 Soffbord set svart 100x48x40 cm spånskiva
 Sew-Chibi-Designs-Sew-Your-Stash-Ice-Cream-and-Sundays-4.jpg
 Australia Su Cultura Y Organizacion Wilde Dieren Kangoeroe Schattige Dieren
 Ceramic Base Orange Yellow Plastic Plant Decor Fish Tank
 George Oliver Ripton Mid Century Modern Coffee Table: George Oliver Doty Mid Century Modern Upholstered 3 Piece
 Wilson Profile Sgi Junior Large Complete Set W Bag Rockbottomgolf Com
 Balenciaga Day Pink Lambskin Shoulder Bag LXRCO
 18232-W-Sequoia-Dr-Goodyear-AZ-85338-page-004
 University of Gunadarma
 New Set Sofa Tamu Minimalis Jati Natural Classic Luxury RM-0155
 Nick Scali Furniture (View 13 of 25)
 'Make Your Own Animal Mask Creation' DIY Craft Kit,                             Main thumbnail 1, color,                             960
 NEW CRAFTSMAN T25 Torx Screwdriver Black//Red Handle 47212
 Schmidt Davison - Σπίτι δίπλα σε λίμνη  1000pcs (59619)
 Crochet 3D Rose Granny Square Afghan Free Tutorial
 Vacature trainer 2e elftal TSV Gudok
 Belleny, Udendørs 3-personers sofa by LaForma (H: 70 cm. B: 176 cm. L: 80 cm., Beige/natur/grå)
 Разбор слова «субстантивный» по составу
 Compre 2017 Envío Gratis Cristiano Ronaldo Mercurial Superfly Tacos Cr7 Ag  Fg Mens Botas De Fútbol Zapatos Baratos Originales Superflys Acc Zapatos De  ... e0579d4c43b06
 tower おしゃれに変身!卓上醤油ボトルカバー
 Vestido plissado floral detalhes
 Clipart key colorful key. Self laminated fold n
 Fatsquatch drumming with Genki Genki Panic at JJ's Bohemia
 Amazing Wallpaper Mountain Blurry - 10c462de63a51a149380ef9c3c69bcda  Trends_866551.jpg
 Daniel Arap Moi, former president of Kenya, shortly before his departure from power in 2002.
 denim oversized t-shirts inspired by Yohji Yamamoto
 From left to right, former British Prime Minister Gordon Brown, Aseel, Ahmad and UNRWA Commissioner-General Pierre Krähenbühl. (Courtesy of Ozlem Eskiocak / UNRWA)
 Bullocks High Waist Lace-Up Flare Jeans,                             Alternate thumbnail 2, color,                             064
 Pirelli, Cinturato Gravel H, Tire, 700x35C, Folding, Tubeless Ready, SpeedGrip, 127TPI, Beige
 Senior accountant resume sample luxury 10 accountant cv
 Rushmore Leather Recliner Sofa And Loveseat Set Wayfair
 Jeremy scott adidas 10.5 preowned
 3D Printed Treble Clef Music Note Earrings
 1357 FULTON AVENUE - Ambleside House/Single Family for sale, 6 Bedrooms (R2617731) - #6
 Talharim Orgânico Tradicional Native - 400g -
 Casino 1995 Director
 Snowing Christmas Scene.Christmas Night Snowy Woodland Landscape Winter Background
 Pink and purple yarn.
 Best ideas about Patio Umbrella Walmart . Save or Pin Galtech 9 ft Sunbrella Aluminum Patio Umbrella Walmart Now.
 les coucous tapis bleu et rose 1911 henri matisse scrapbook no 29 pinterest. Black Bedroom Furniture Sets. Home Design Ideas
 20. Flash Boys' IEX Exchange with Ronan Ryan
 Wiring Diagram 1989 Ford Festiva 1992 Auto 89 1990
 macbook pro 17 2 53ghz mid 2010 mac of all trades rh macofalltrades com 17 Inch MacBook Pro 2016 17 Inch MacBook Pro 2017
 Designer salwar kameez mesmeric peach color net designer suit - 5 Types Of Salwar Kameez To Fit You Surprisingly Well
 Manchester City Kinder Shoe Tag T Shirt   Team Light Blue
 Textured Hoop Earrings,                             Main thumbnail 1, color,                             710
★ ★ ★ ★ ★ ★ ★
● Your task
Write the entries above out again. Match them exactly.

● Response area
 Soffbord set svart 100x48x40 cm spånskiva
 Sew-Chibi-Designs-Sew-Your-Stash-Ice-Cream-and-Sundays-4.jpg
 Australia Su Cultura Y Organizacion Wilde Dieren Kangoeroe Schattige Dieren
 Ceramic Base Orange Yellow Plastic Plant Decor Fish Tank
 George Oliver Ripton Mid Century Modern Coffee Table: George Oliver Doty Mid Century Modern Upholstered 3 Piece
 Wilson Profile Sgi Junior Large Complete Set W Bag Rockbottomgolf Com
 Balenciaga Day Pink Lambskin Shoulder Bag LXRCO
 18232-W-Sequoia-Dr-Goodyear-AZ-85338-page-004
 University of Gunadarma
 New Set Sofa Tamu Minimalis Jati Natural Classic Luxury RM-0155
 Nick Scali Furniture (View 13 of 25)
 'Make Your Own Animal Mask Creation' DIY Craft Kit,                             Main thumbnail 1, color,                             960
 NEW CRAFTSMAN T25 Torx Screwdriver Black//Red Handle 47212
 Schmidt Davison - Σπίτι δίπλα σε λίμνη  1000pcs (59619)
 Crochet 3D Rose Granny Square Afghan Free Tutorial
 Vacature trainer 2e elftal TSV Gudok
 Belleny, Udendørs 3-personers sofa by LaForma (H: 70 cm. B: 176 cm. L: 80 cm., Beige/natur/grå)
 Разбор слова «субстантивный» по составу
 Compre 2017 Envío Gratis Cristiano Ronaldo Mercurial Superfly Tacos Cr7 Ag  Fg Mens Botas De Fútbol Zapatos Baratos Originales Superflys Acc Zapatos De  ... e0579d4c43b06
 tower おしゃれに変身!卓上醤油ボトルカバー
 Vestido plissado floral detalhes
 Clipart key colorful key. Self laminated fold n
 Fatsquatch drumming with Genki Genki Panic at JJ's Bohemia
 Amazing Wallpaper Mountain Blurry - 10c462de63a51a149380ef9c3c69bcda  Trends_866551.jpg
 Daniel Arap Moi, former president of Kenya, shortly before his departure from power in 2002.
 denim oversized t-shirts inspired by Yohji Yamamoto
 From left to right, former British Prime Minister Gordon Brown, Aseel, Ahmad and UNRWA Commissioner-General Pierre Krähenbühl. (Courtesy of Ozlem Eskiocak / UNRWA)
 Bullocks High Waist Lace-Up Flare Jeans,                             Alternate thumbnail 2, color,                             064
 Pirelli, Cinturato Gravel H, Tire, 700x35C, Folding, Tubeless Ready, SpeedGrip, 127TPI, Beige
 Senior accountant resume sample luxury 10 accountant cv
 Rushmore Leather Recliner Sofa And Loveseat Set Wayfair
 Jeremy scott adidas 10.5 preowned
 3D Printed Treble Clef Music Note Earrings
 1357 FULTON AVENUE - Ambleside House/Single Family for sale, 6 Bedrooms (R2617731) - #6
 Talharim Orgânico Tradicional Native - 400g -
 Casino 1995 Director
 Snowing Christmas Scene.Christmas Night Snowy Woodland Landscape Winter Background
 Pink and purple yarn.
 Best ideas about Patio Umbrella Walmart . Save or Pin Galtech 9 ft Sunbrella Aluminum Patio Umbrella Walmart Now.
 les coucous tapis bleu et rose 1911 henri matisse scrapbook no 29 pinterest. Black Bedroom Furniture Sets. Home Design Ideas
 20. Flash Boys' IEX Exchange with Ronan Ryan
 Wiring Diagram 1989 Ford Festiva 1992 Auto 89 1990
 macbook pro 17 2 53ghz mid 2010 mac of all trades rh macofalltrades com 17 Inch MacBook Pro 2016 17 Inch MacBook Pro 2017
 Designer salwar kameez mesmeric peach color net designer suit - 5 Types Of Salwar Kameez To Fit You Surprisingly Well
 Manchester City Kinder Shoe Tag T Shirt   Team Light Blue
 Textured Hoop Earrings,                             Main thumbnail 1, color,                             710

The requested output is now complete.